Hinter jedem dieser Namen steht eine eigene Geschichte – mit Kindheit und Jugend, Hoffnungen, Enttäuschungen, Erfolgen und Brüchen. Menschen, die gearbeitet, geliebt, gestritten, gehofft haben. Viele von ihnen haben im Laufe der Jahre erlebt, wie Freundschaften sich verlaufen, Familien auseinandergehen und vertraute Gesichter verschwinden. Dass am Ende niemand bleibt, der sich kümmert, macht den Abschied nicht weniger bedeutsam – im Gegenteil: Es macht ihn umso kostbarer.

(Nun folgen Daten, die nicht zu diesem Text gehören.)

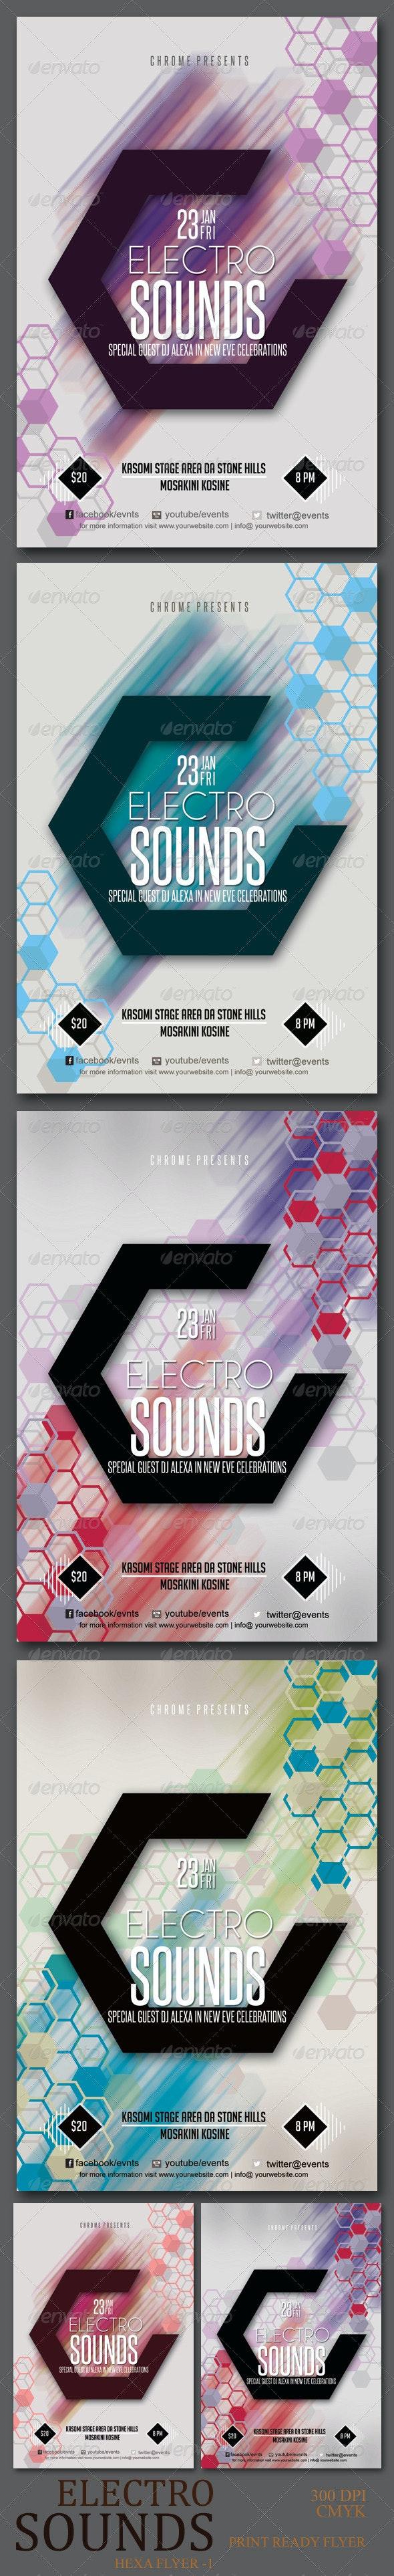 Electro Sounds Hexagon Flyer - Corporate Flyers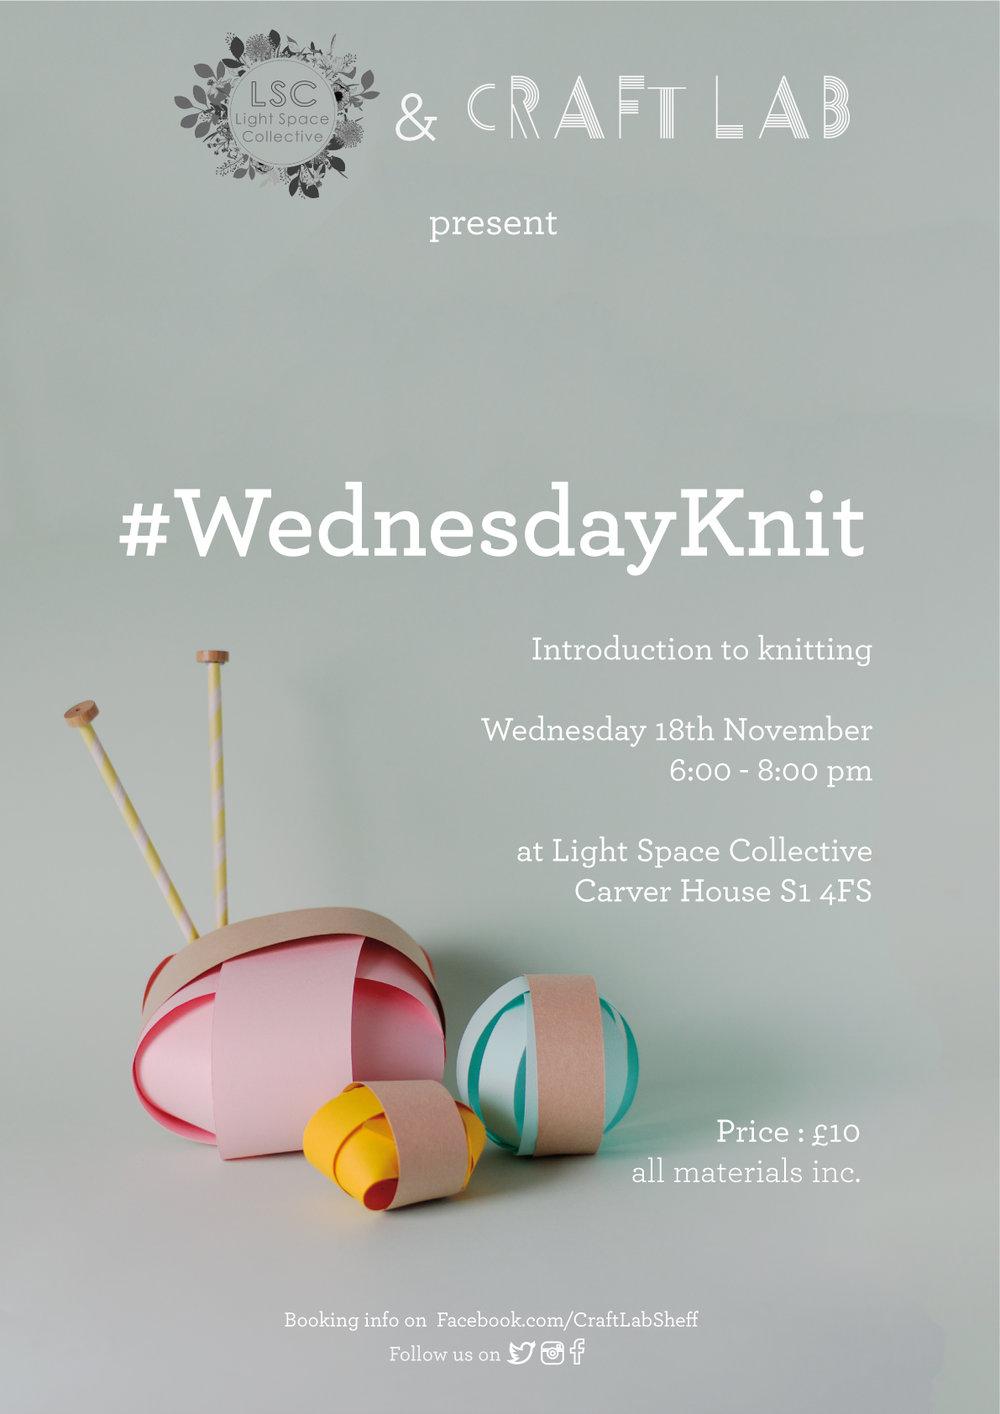 151024--poster-#WednesdayKnit.jpg

Im Rahmen der Aussegnungsfeier auf dem Friedhof Friedenshügel erhalten Freunde, Nachbarinnen, frühere Arbeitskolleginnen und andere Weggefährt*innen die Möglichkeit, persönlich Abschied zu nehmen – auch dann, wenn es keine Familie mehr gibt oder diese nicht erreichbar ist. Die schlichte Zeremonie schafft einen Moment des Innehaltens, in dem deutlich wird: Niemand soll ganz vergessen werden.

Die Aussegnungsfeier wird von der evangelisch-methodistischen Kirchengemeinde in Flensburg gestaltet.